By the time the program began, the auditorium was mostly filled. Dawson noted the growing national interest in Washington’s Fifth District Congressional race. And he announced his group is organizing two other town hall meetings, March 29 in Pullman and May 2 in Walla Walla. But it was having trouble getting candidates to attend. He said all who had declared their candidacy were invited. Eric Agnew, an independent, accepted but then suspended his campaign a few weeks ago. One of the two Republicans in the race, Jared Bonneau, wasn’t there. As for the second Republican in the race….
“So despite every town hall being scheduled during a congressional recess, when our representative is supposed to be in the district, and despite the months of notice, Representative McMorris Rodgers has declined to attend all three of these town halls,” Dawson said, prompting boos and shouts of "No!"
To encourage McMorris Rodgers to attend, Fuse Washington volunteers passed out postcards with a pre-written message urging the congresswoman to commit to the other forums. All they had to do was fill in their names and addresses and turn in the cards.
That meant the fourth candidate had the forum to herself and that seemed to be just fine with the crowd.
“Please join me in welcoming Lisa Brown," said forum co-organizer Autumn Reed. The crowd enthusiastically applauded.
Brown has been a college professor, an influential elected official at the state level and the chancellor of Washington State University’s Spokane campus. But in her introduction, she went way back and talked about how her political beliefs were formed.

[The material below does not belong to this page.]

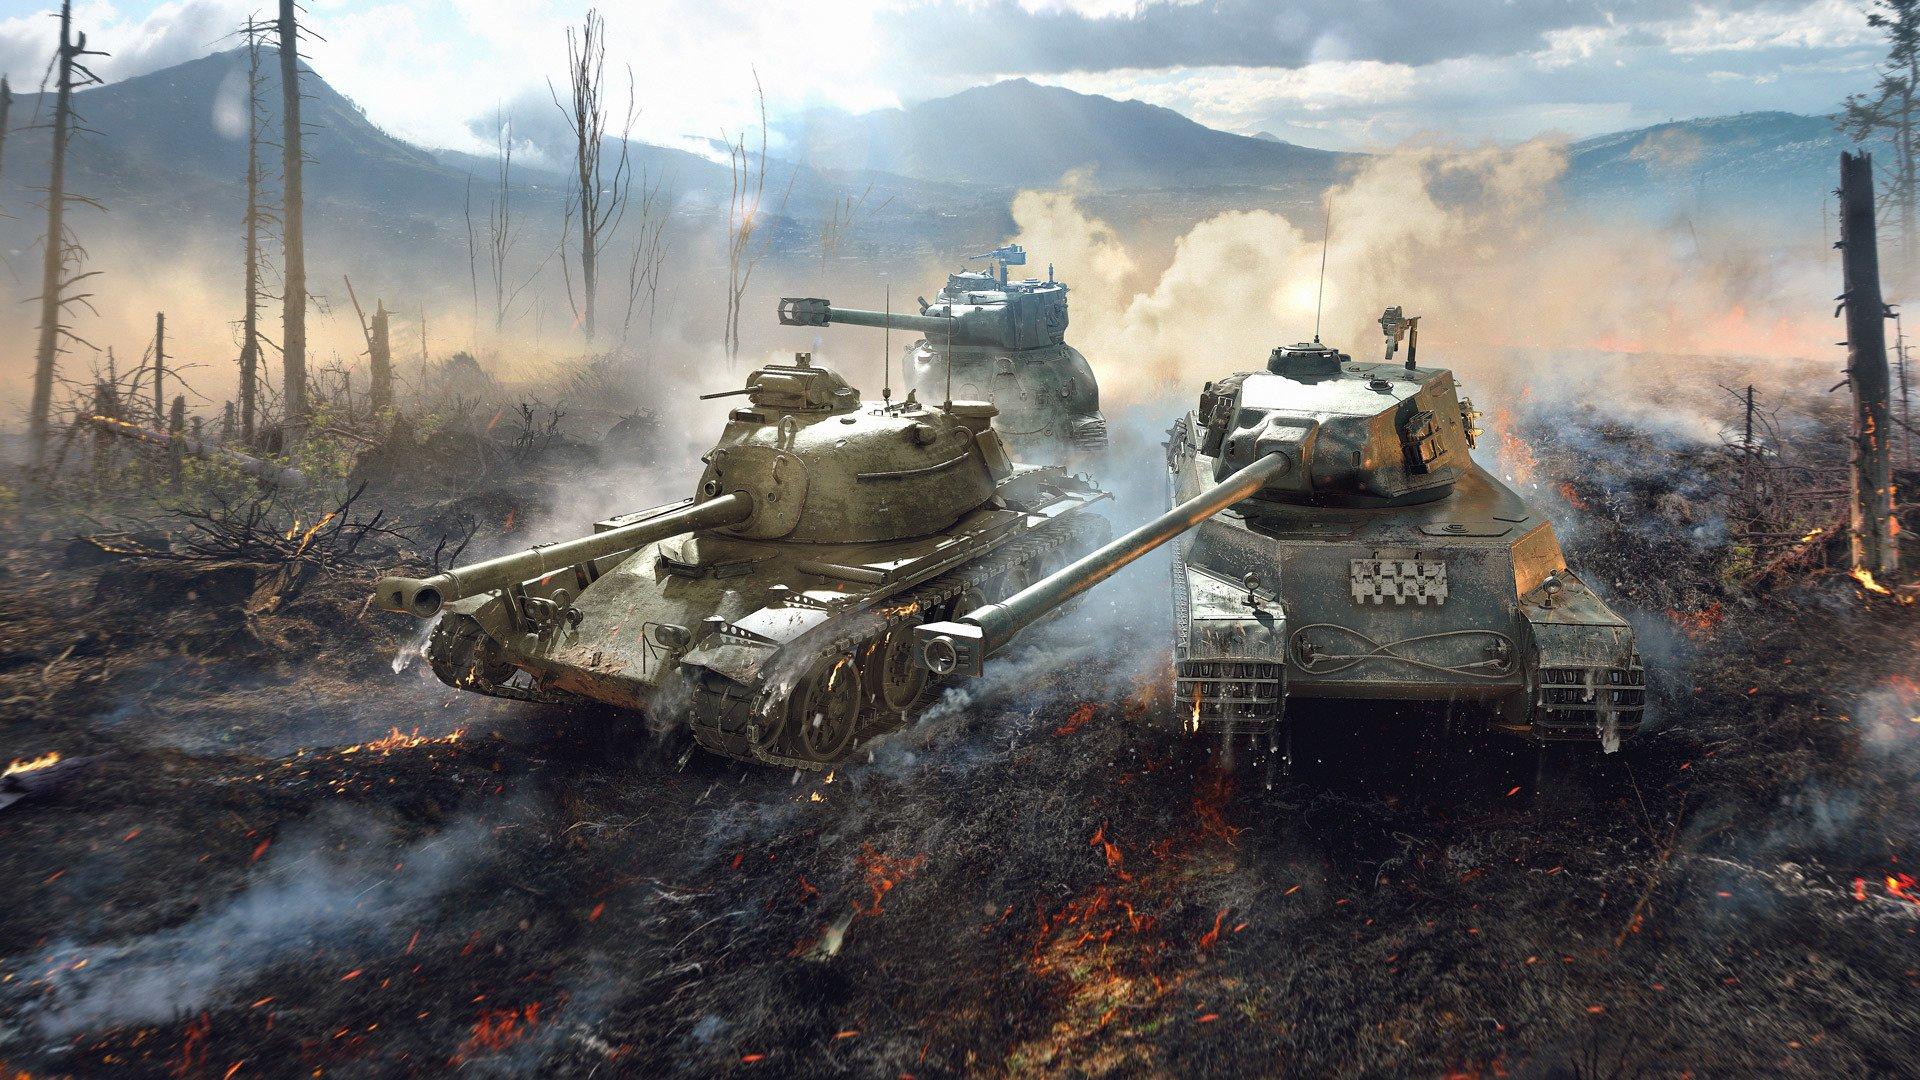 Ворлд оф танк картинки 1280 на 720
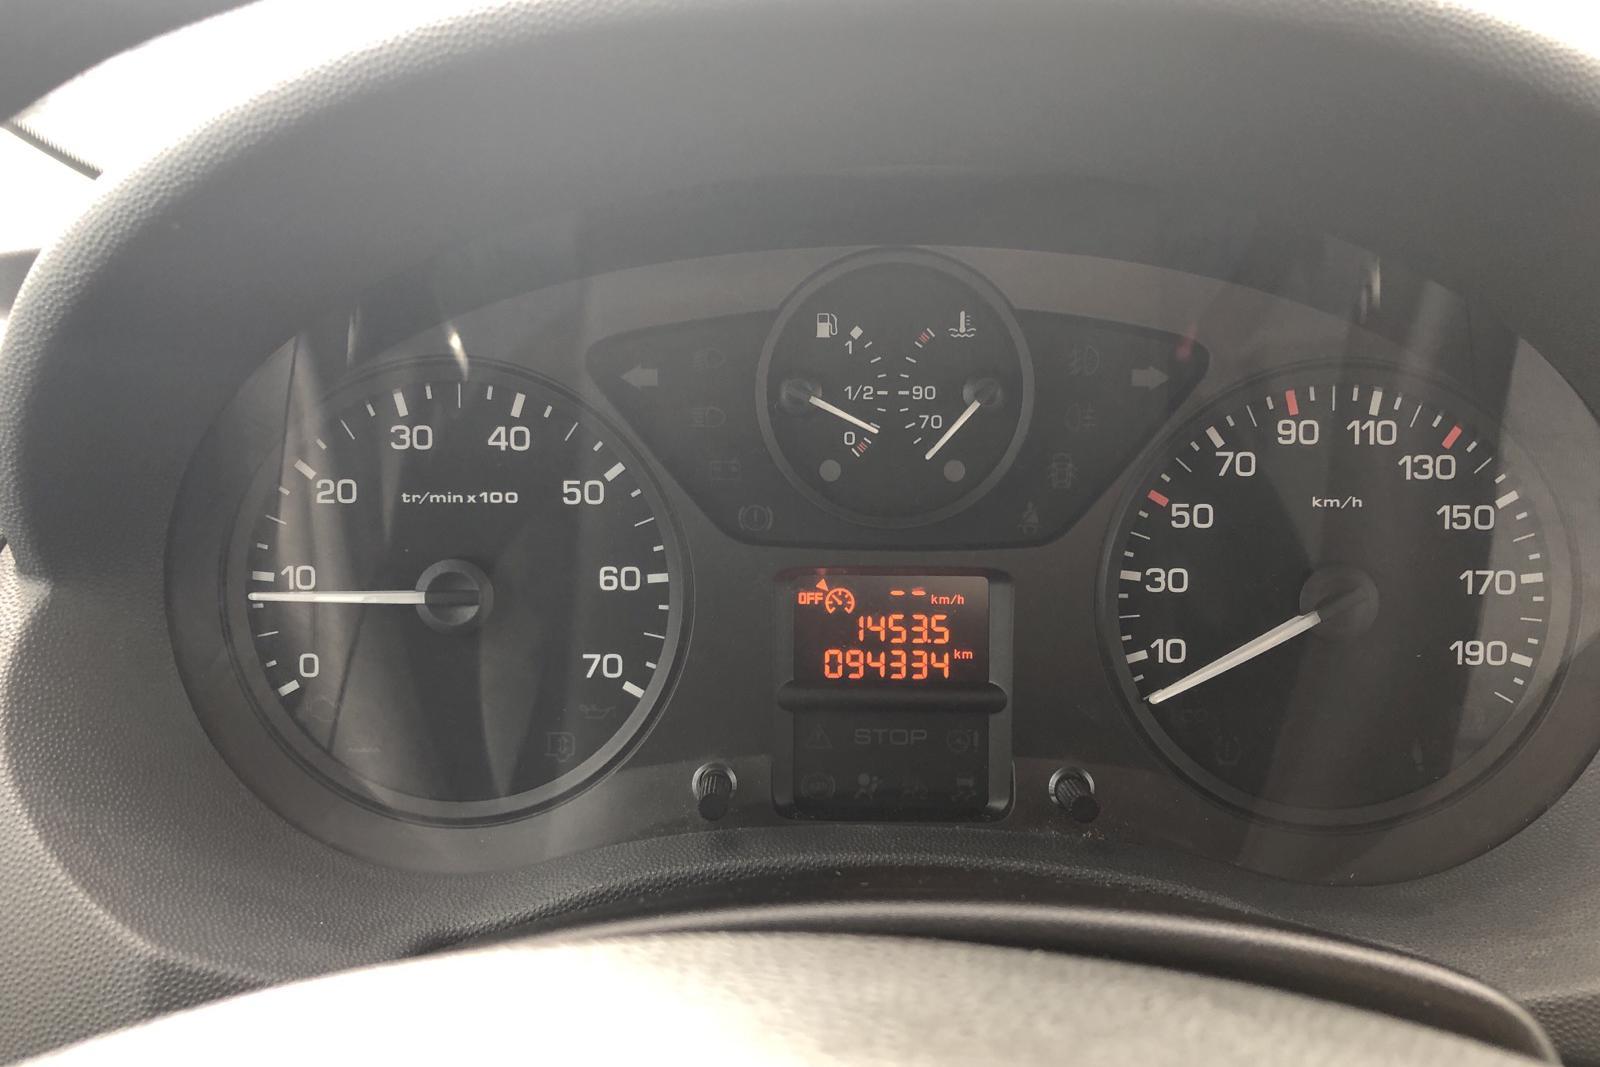 Toyota PROACE 2.0 D-4D (128hk) - 9 433 mil - Manuell - vit - 2014

“I was shaped by those experiences, the experiences of the movements that made social change during the time I was in high school and college. From the civil rights movement to the women’s movement through the first wave of the ecology movement, as it was called, the anti-nuclear war movement. I was shaped by that,” Brown said.
And then she made her case for why voters should elect her.
“I’m running for Congress to bring the voices and the interests of eastern Washington, rural and urban, people of all abilities and backgrounds, of all religious faith traditions, to the other Washington, not to bring talking points written in the other Washington and deliver them here,” Brown said to applause.
Several speakers were chosen to ask Brown questions about selected issues, including affordable housing, climate change and violence against Native women. One speaker, Lewis and Clark High School student Scyla Dowd, went to the mike to share her views about the latest school shooting in Florida.
“I know that later that week, I don’t know if any of you are familiar when you blow up one of those brown paper bags and you pop it really loud," Dowd said. "It used to get like super laughs, but I was walking on the bridge between schools and everybody just parted, almost like the Red Sea, just to each side. And we all just looked at each other. And it was really scary because, you know, it could happen.
"When you see students you go to school with every day react in the same way you do, that we’re all absolutely terrified that it might happen and we walk into school every day knowing this could be the last time,” she said.
Fuse Washington says it’s working this year on reforming Washington’s tax system. It also supports efforts to gather signatures for a climate change initiative and to win support for Initiative 940, which may appear on the November ballot. Its organizers say the measure is aimed at de-escalating violence encounters between police and suspects.